Field v. U.S. Bank, N.A., No. B309111 (D2d8 Jun. 9, 2022)
In a wrongful foreclosure case, the Bank propounded an interrogatory on Plaintiff, asking whether it was her contention that she did not receive the appropriate form of notice, and if so, to explain the facts in support. Plaintiff answered, simply, but un-enlighentingly, “unsure.”
So the bank moved for SJ, arguing in part that there was no evidence of any notice violation. In response, Plaintiff “claim[ed] with new-found certainty that she had never received th[e] notice.” The trial court granted summary judgment nonetheless.
Plaintiff appeals, in part based on the idea that her rog response shouldn’t have precluded her from introducing evidence that the appropriate notice was not, in fact, given. But the Court of Appeal, in a characteristically blunt opinion by Justice Wiley, calls bullshit.
Responding to Plaintiff’s assertion that it was unjust to grant SJ based on her one-word answer to a basic interrogatory asking for information clearly with her knowledge, the Court responds that “[w]hat is unjust is discovery abuse.” “What Field should have done was answer this simple contention interrogatory unambiguously, forthrightly, and truthfully. If her contention was she never got notice of the trustee’s sale, she had to say so and to provide the facts related to this contention.”
And then the money quote to be quoted in many a future brief : “A party opposing summary judgment may not move the target after the proponent has launched its arrow.”
Affirmed.
Having been in this spot as a defendant moving for SJ, this opinion is awesome.
But, as the Court points out “section 2030.310 provides a mechanism for parties to amend responses to interrogatories under certain circumstances, yet Field did not attempt to amend.” What if, the day before Plaintiff filed her opp, she amended her reg responses to incorporate what she would claim in opposition?
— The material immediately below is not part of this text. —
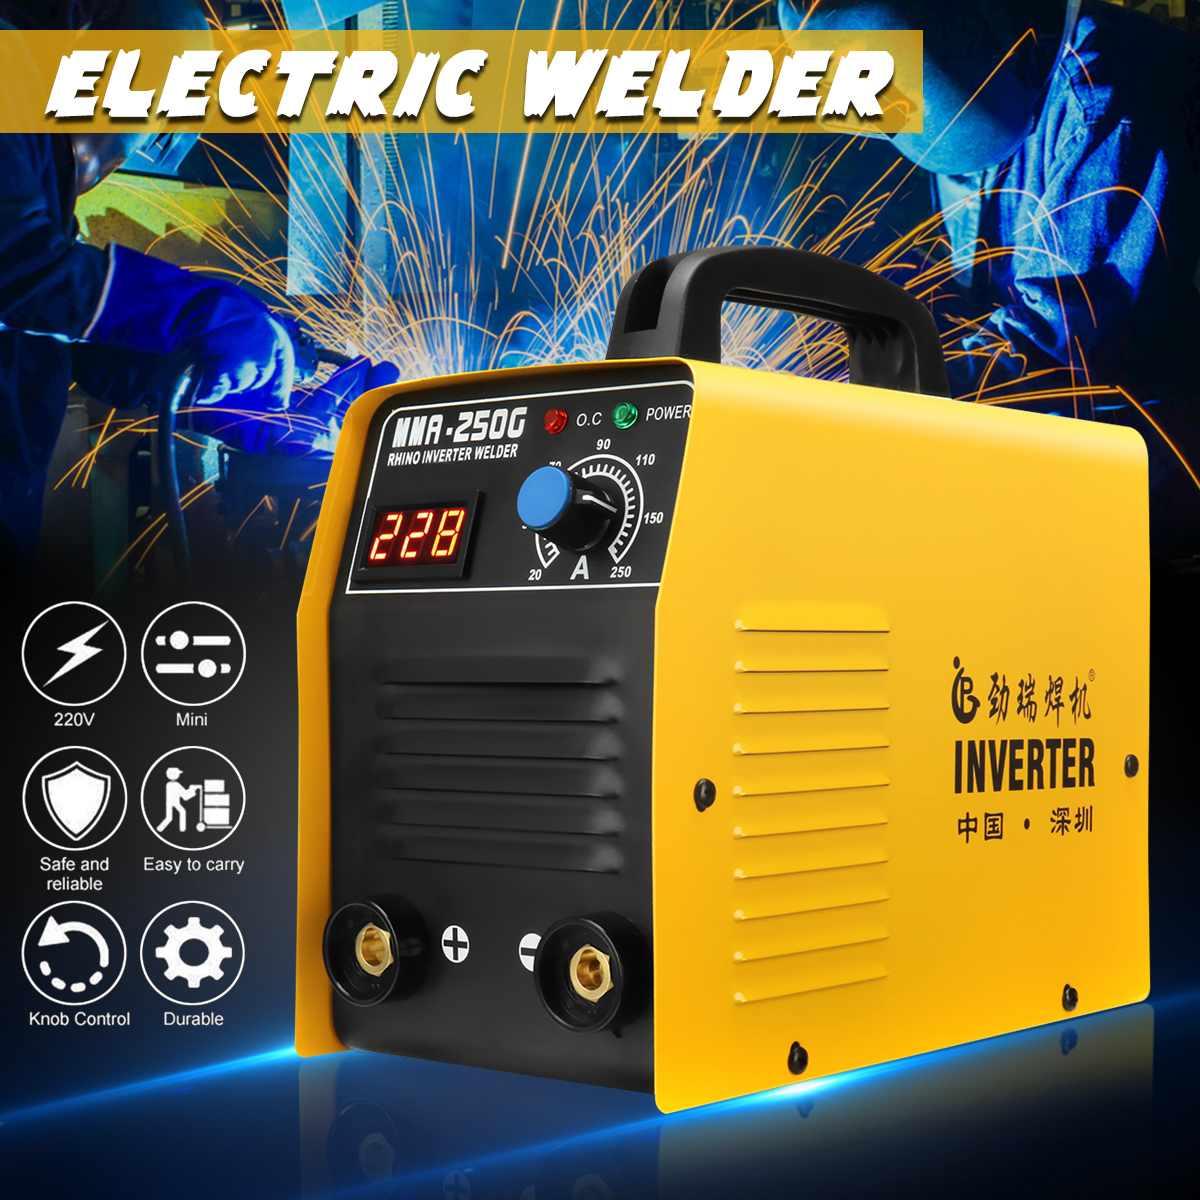 MMA-250G 220V Electric Arc Welders  IGBT Inverter MMA ARC Welding Soldering Machine Welding Equipment For Home Beginner
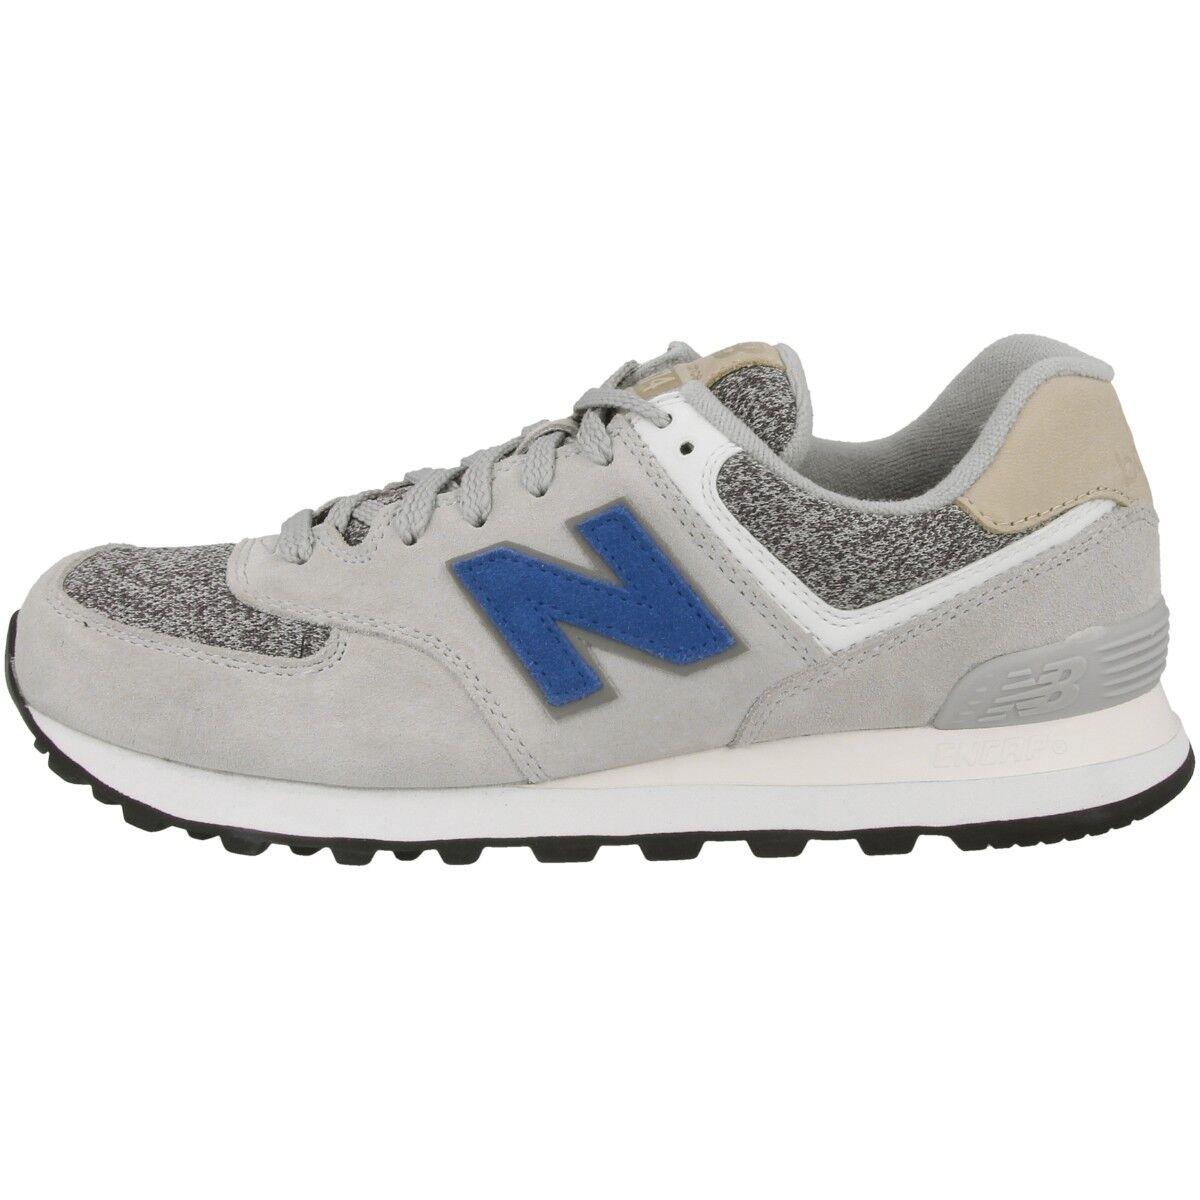 Zapatos promocionales para hombres y mujeres New Balance ML574 VAH Schuhe silver mink incense blue ML574VAH Freizeit Sneaker

I have, over the years, written about cases that say that would have been good enough to beat summaryjudgment.
There needs to be a clearer rule here. As I discussed in my prior posts, at minimum, whether a moving defendant can meet its burden should be ascertained based on the rog responses in effect at the time an SJ motion is filed, not those on file two months-plus later when the opposition comes in. To say that the movant retroactively failed to meet its burden, based on some post-motion amendment, is a recipe for gamesmanship.
And then if, once an SJ is on file, the opponent wants to amend its responses to support the existence of disputes of fact, § 2030.310(c) is implicated. It says that a party answering an interrogatory can be forced to stick with a prior response only if:
“(1) The initial failure of the responding party to answer the interrogatory correctly has substantially prejudiced the party who propounded the interrogatory.
(2) The responding party has failed to show substantial justification for the initial answer to that interrogatory.
(3) The prejudice to the propounding party cannot be cured either by a continuance to permit further discovery or by the use of the initial answer [for impeachment].”
It seems to me, in the SJ context, when a non-moving party gives junky original responses to interrogatories, elements (1) and (3) of § 2030.310(c) should basically follow axiomatically, provided element (2) is established.
That is, if at the time a party moves for SJ, the opponent has made only obviously and unjustifiably deficient responses but tries to amend around them without a good reason to do so, the moving party is substantially prejudiced. After all, it can’t get its meritorious motion decided under the prevailing standard due to its opponent’s discovery abuse. And if there’s no substantial justification for the belated amendment, a continuance doesn’t fix that prejudice. Because the issue is not that the non-moving party didn’t have time to take adequate discovery, but instead, that it was just playing games. As the Court puts it here: “Trial courts encountering such an abuse are free to disregard a later declaration that hopes to supplant tactical or slothful ambiguity with tardy specificity.”
On the other hand, if the moving party was late to produce discovery, or if previously unknown evidence legitimately comes to light after an SJ is filed, of course it is substantially justifiable to permit amendment and not stick the non-moving party with its original interrogatory answers. In that case, (1) and (3) don’t even need to come into play.